BRAZZAVILLE – BOSPHOROUS

WEST TO EAST: GEOGRAPHY OF SOUND

BRAZZAVILLE – BOSPHOROUS

Brazzaville/Qalam

Qalam strives to explore the interpenetration of different cultures. To this end, we have decided to launch a series of playlists in which music mediates between different geographical and ideological spaces. Our first playlist is called ‘West to East: One Hundred Best Songs’. It will be updated several times a week, and its curation will focus on how Western pop culture has reflected the realities of the East, whether they are musical, geographical, religious, or political. (The terms ‘West’ and ‘East’ should be taken as broadly and arbitrarily as possible.)

David Brown, the old Californian nomad dandy who settled in Barcelona a long time ago, came up with the Brazzaville project in the late nineties.
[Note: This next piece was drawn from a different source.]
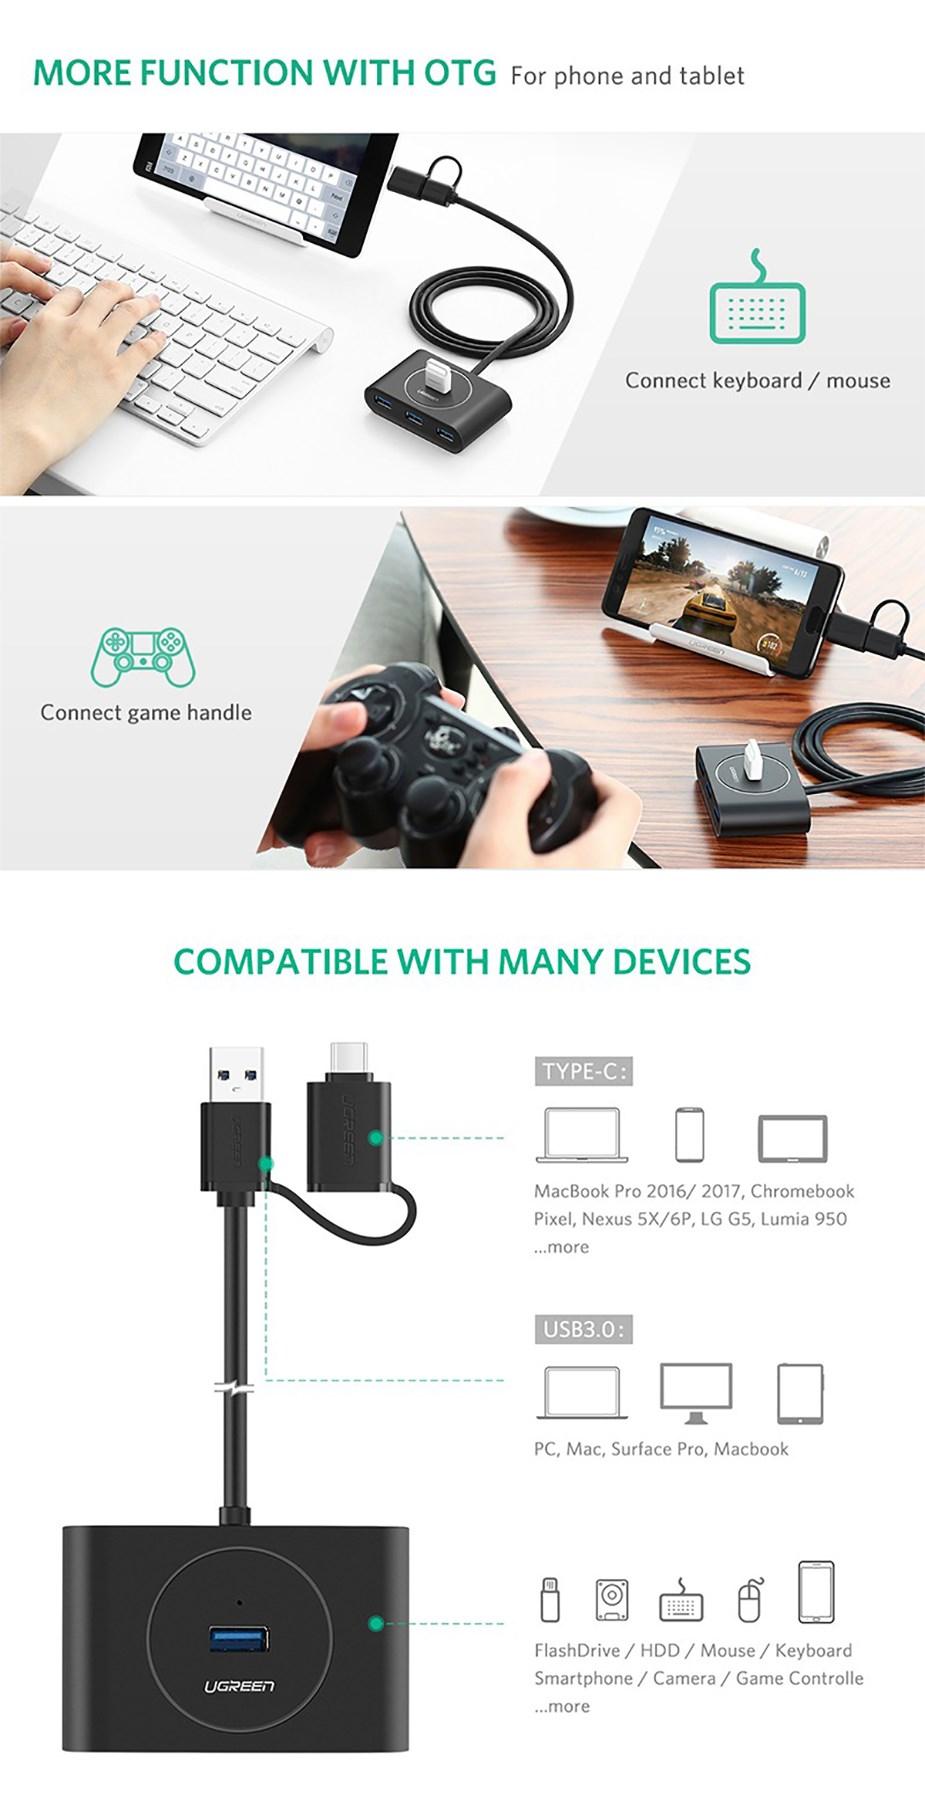 Bộ Chia USB 3.0 4 Cổng - Kết Hợp USB Type - C Ra 4 Cổng USB 3.0 Ugreen - Hàng Chính Hãng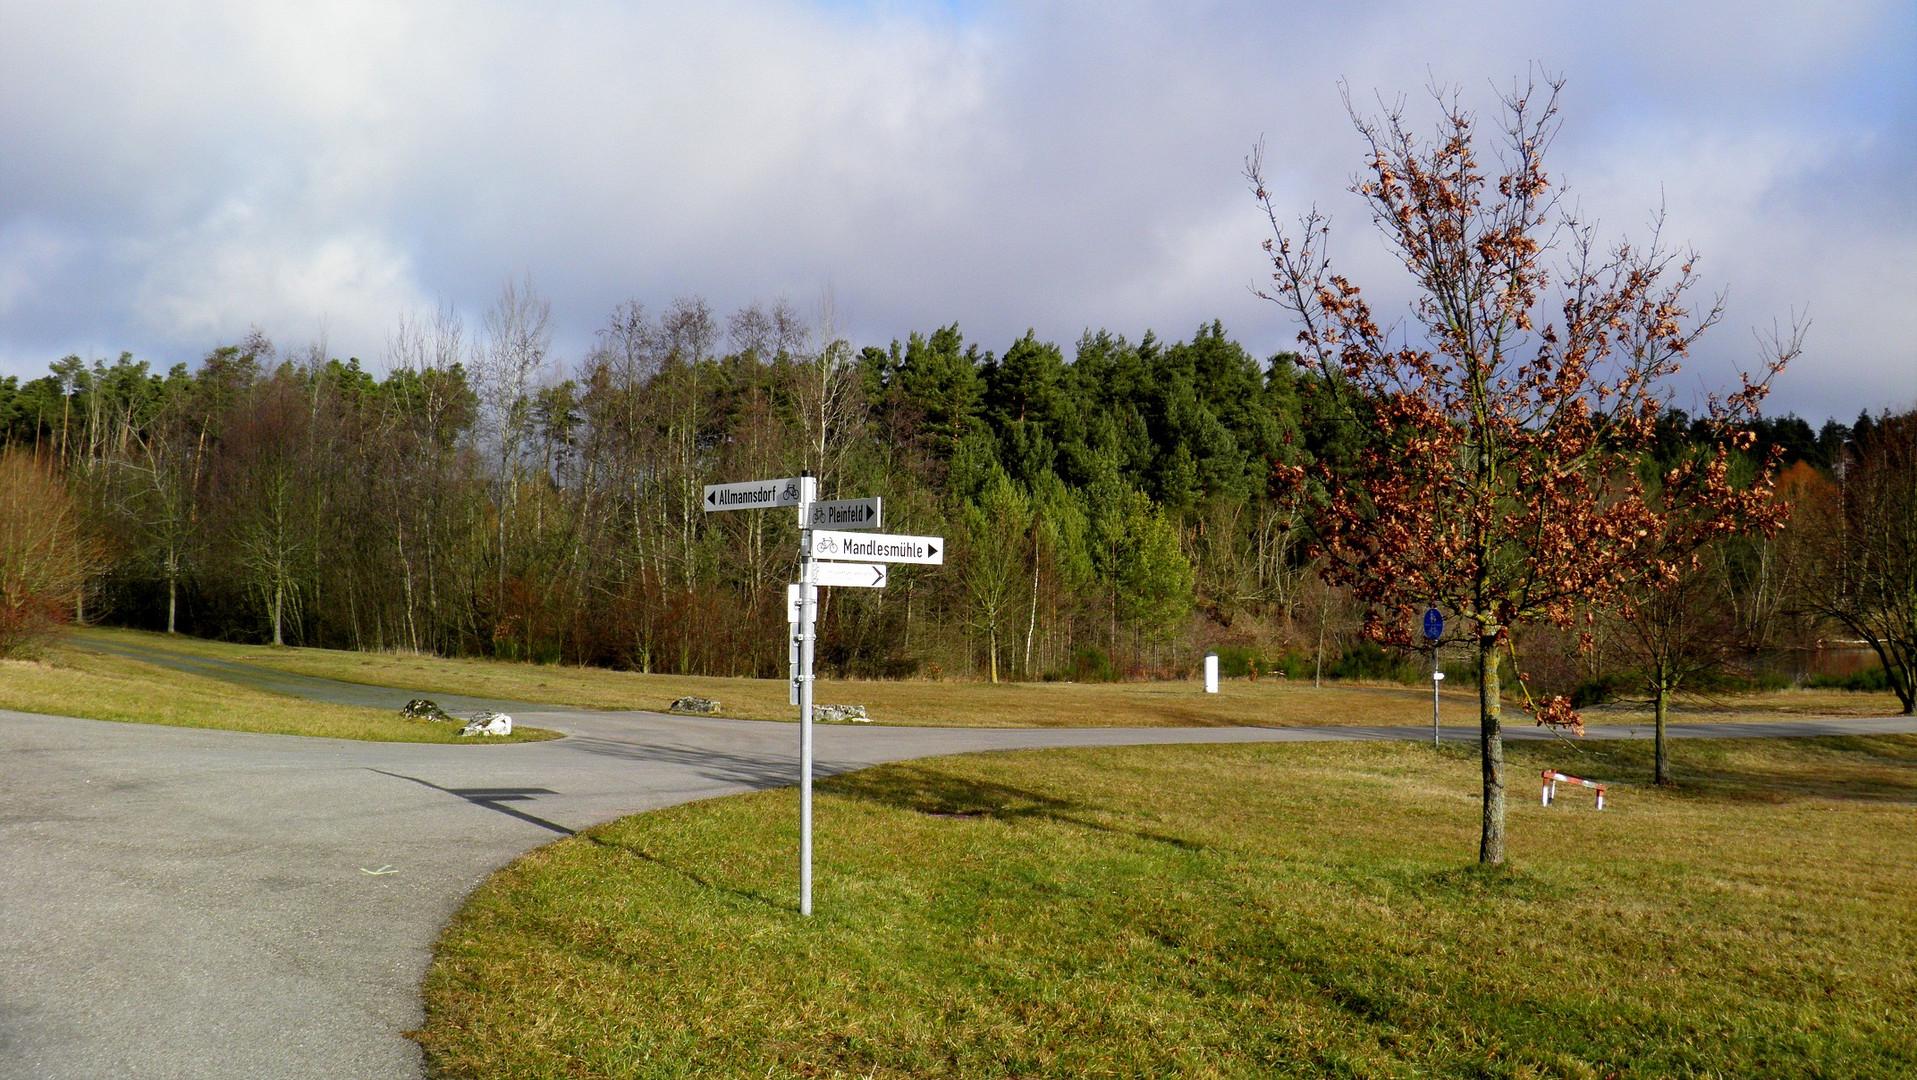 Mandlesmühle 1

It is commonly believed that there are bands that reflect their time; Brazzaville, however, reflects space. It is actually not quite clear when these elegies were written or what musical age or style they belong to, but they always have clear outlines of a landscape—be it the shores of the South China Sea, Osaka, Vladivostok, Broadway, or Almaty, where Brown was also a frequent visitor. Brazzaville is the music of wandering and coziness at the same time. Brown’s songs resemble a collection of postage stamps mixed with boarding passes hidden between the pages of a long-forgotten book, and his old ode to the Bosphorus wedged in among the decades one would want to keep forever.